The Treasury Department reported on Wednesday that six more banks repaid a total of $475 million in funds they had received as part of their participation in the $700 billion Troubled Asset Relief Program (TARP). The reimbursement lifted the recovery under the program to about 99%. The program was initiated more than two years ago to rescue the nation’s financial industry.
There is more good news for the Treasury. In addition to the recovery of the entire TARP money, the Treasury expects the program to earn a handsome $20 billion in profit from banks.
So the government’s highly criticized bailout program has finally been able to silence quite a few of its detractors. The program has been effective in easing the pressure on credit and capital markets. It was also instrumental in restoring confidence in the financial system to a great extent.
Banks That Repaid
- Cincinnati-based Fifth Third Bancorp. (FITB) paid $280 million to repurchase warrants issued to the U.S. government that would allow it to purchase more than 43.6 million shares at $11.72 a share on some future date. The company also fully repaid its $3.4 billion to repurchase preferred stock held by theTreasury.

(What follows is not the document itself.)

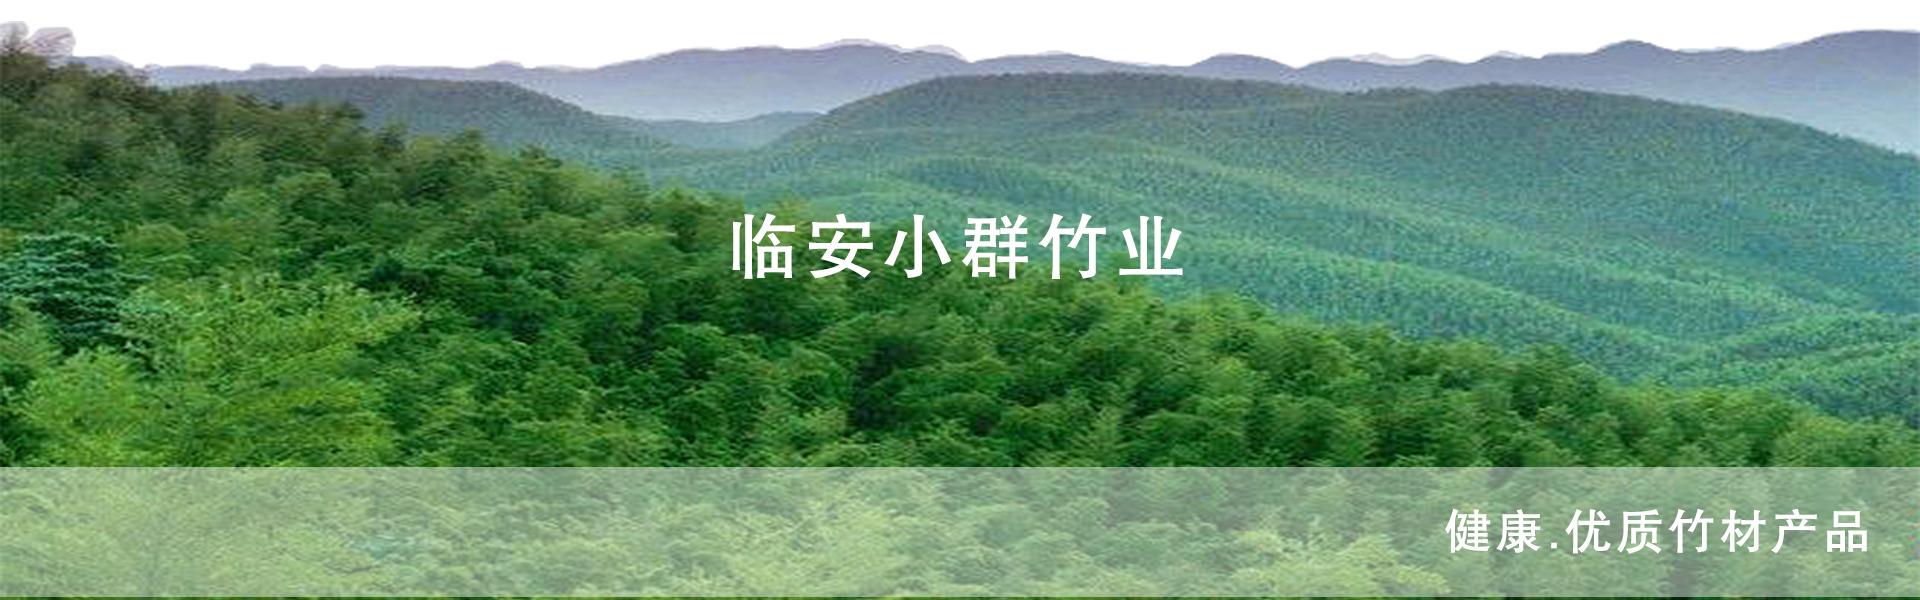 杭州竹制成品

- Oak Ridge-based Lakeland Bancorp Inc. (LBAI) paid back $20 million of bailout money. It also paid $86,111 in preferred dividends. Still, $19 million TARP money remains due for the bank.

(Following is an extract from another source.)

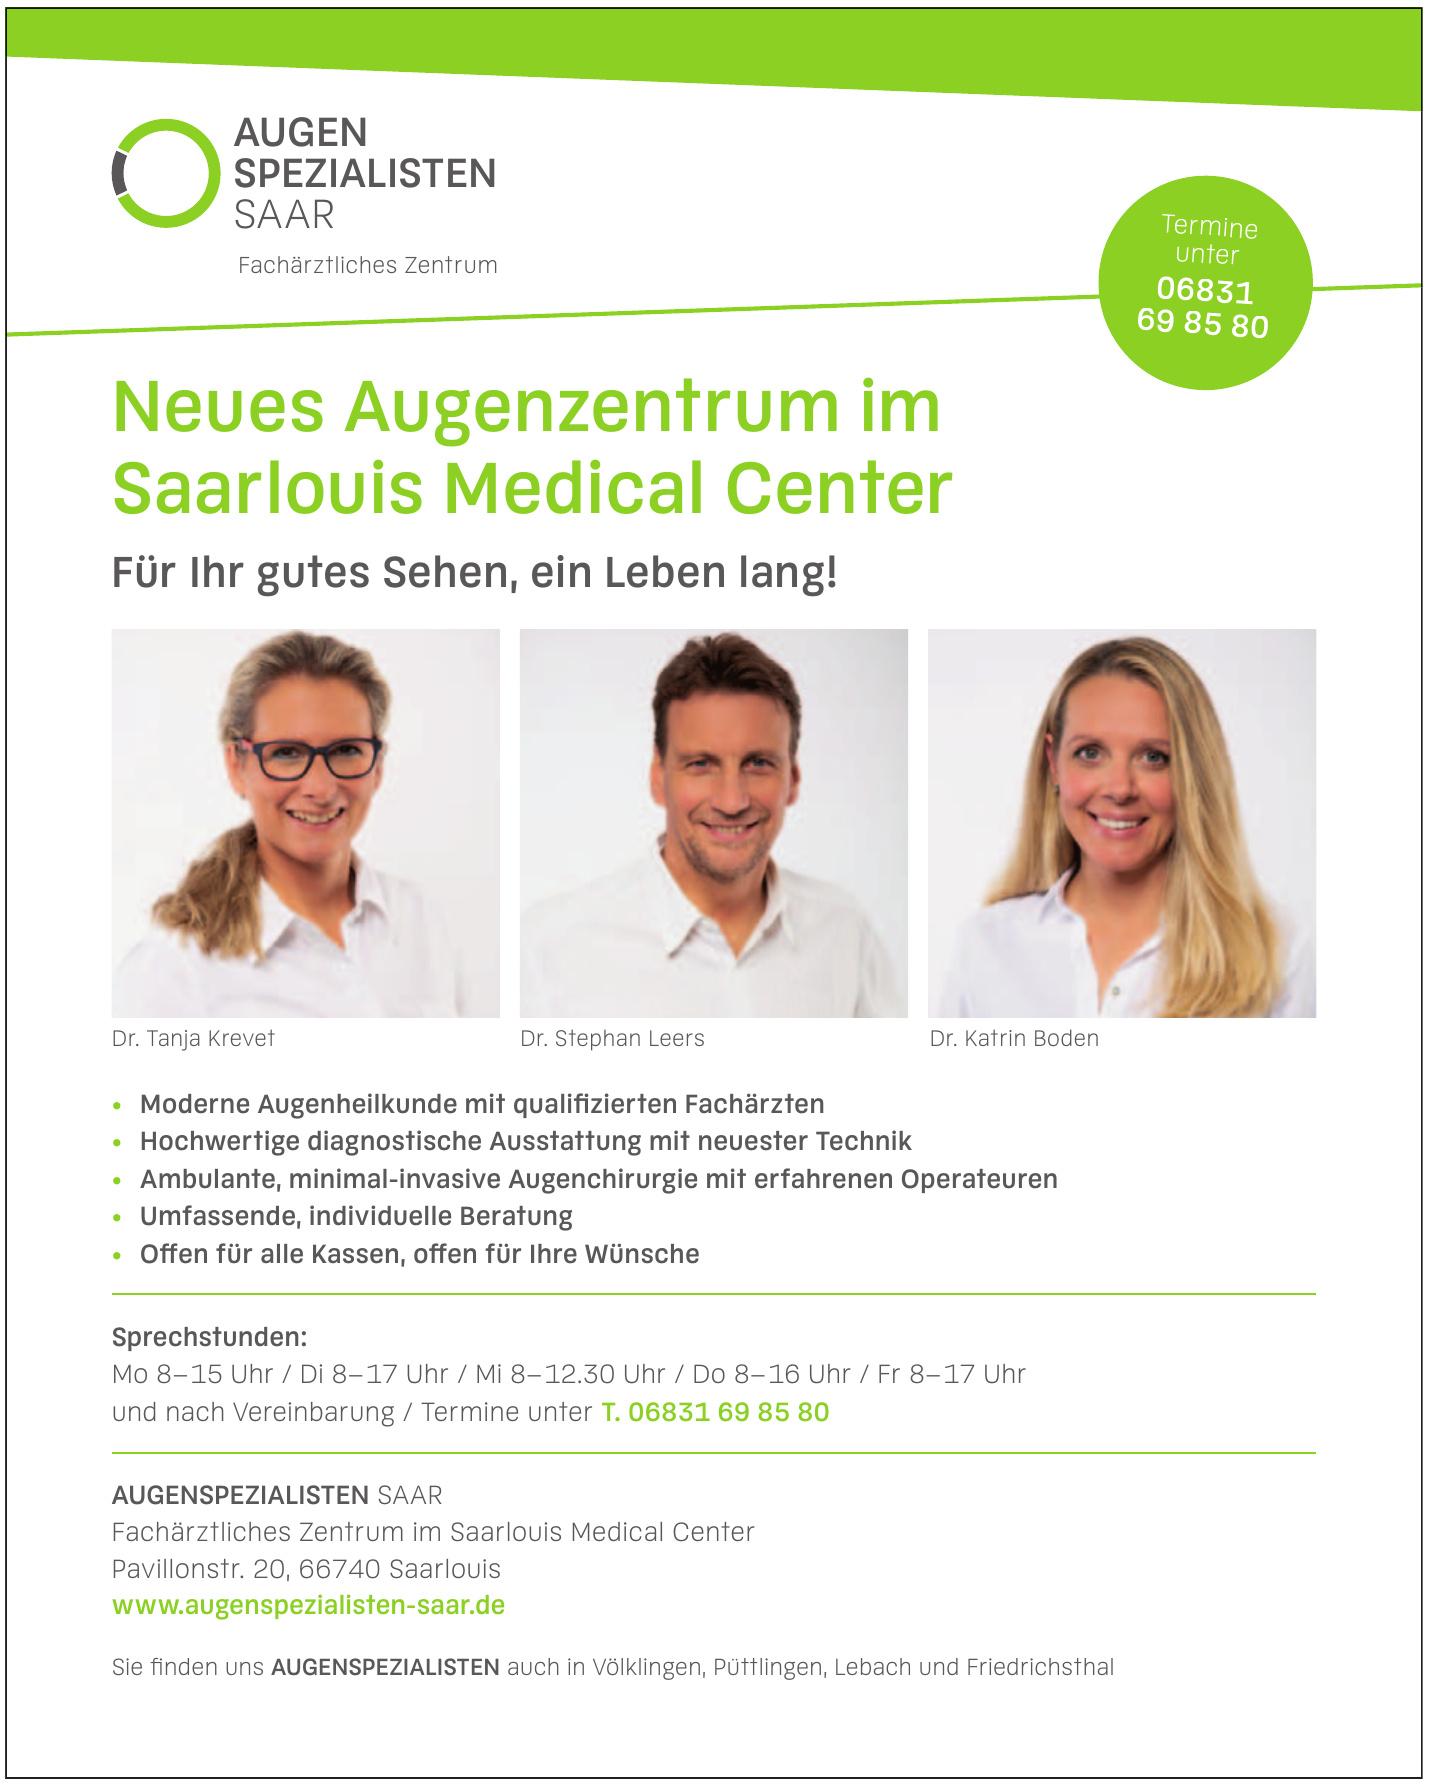 Fachärztliches Zentrum im Saarlouis Medical Center

- Boyertown-based National Penn Bancshares Inc. (NPBC) repaid $150 million of bailout money and paid dividends of $645,833.

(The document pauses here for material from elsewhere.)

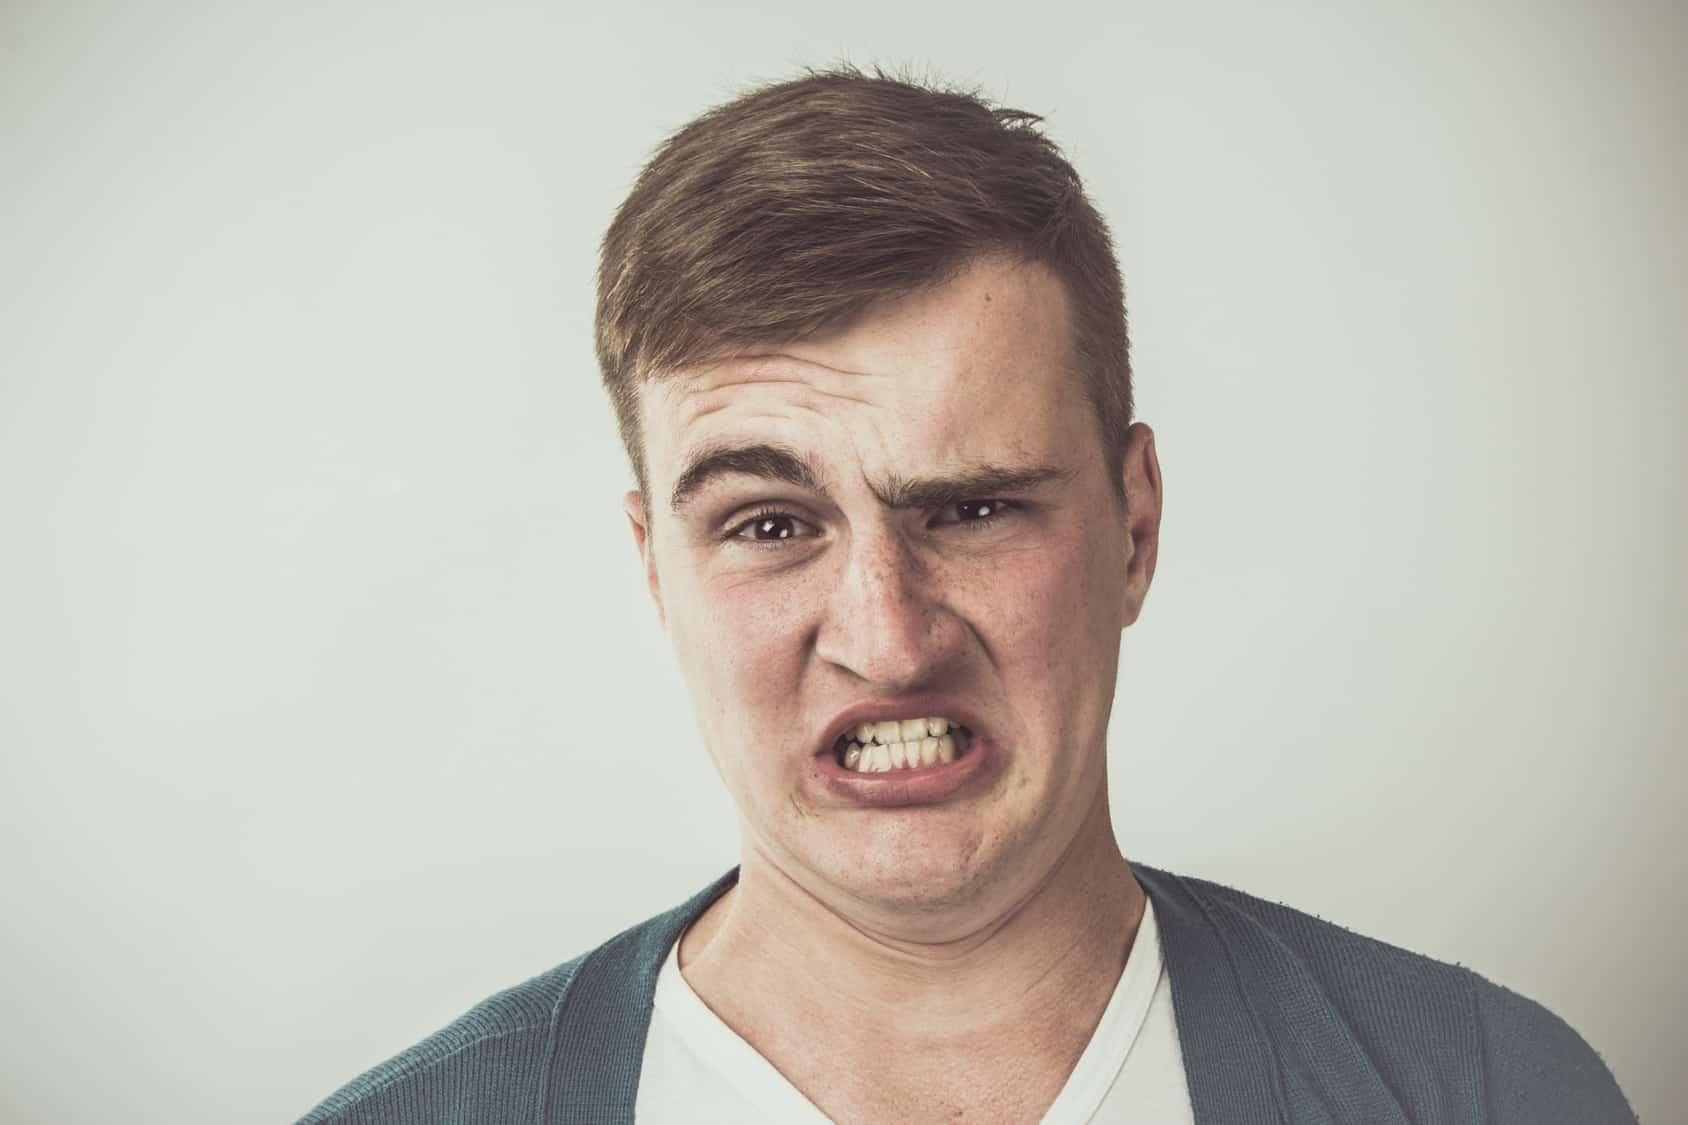 """Si una persona se siente desprestigiada por un """"meme"""", podría presentar una demanda civil para reparación del daño"""

- Rapid City-based Stockmens Financial Corp. repaid its remaining $11.6 million TARP fund. The company also paid $49,807 in dividends.
- Norfolk-based Heritage Bancshares repaid $2.6 million of its TARP money. The company also paid $11,220 in dividends.
- San Jose-based Bridge Capital Holdings (BBNK) repaid $8.9 million in bailout money and paid dividends of $38,164.
Overall, taxpayers have recovered about $244 billion of the $245 billion in TARP funds that were handed out to banks. This recovery includes dividends and interest income from banks.
More Cost Efficiency Expected
Another major success of TARP is its lower-than-expected cost to taxpayers. The estimate of its overall cost has been decreasing consistently.
According to the Congressional Budget Office’s (CBO) estimate, the cost related to TARP will drop to $25 billion from its previous estimate of $66 billion in August 2010. The present estimate by CBO is a quantum drop from the Treasury’s initial estimate of $350 billion.
The assistance to American International Group (AIG), support to automakers and efforts to prevent foreclosures remain on the costs side of the ledger. Together, these actions are expected to leave a $45 billion dent in the program. However, a net gain of $20 billion is expected from other transactions.
The Treasury now owns 92% of AIG and expects to sell some of its holdings, pulling the total cost of TARP further down.
Better Results Ahead?
The final success of TARP is probably still to be seen. While most of the major financial institutions have cleared their TARP dues, many banks are still to repay their bailout loans.
Though a major chunk of the remaining TARP fund will likely get consumed in the Home Affordable Modification Program, the Treasury is in the process of recovering as much as it can. As a result, there is high possibility of further profits and cost reductions in future, raising hopes for more success.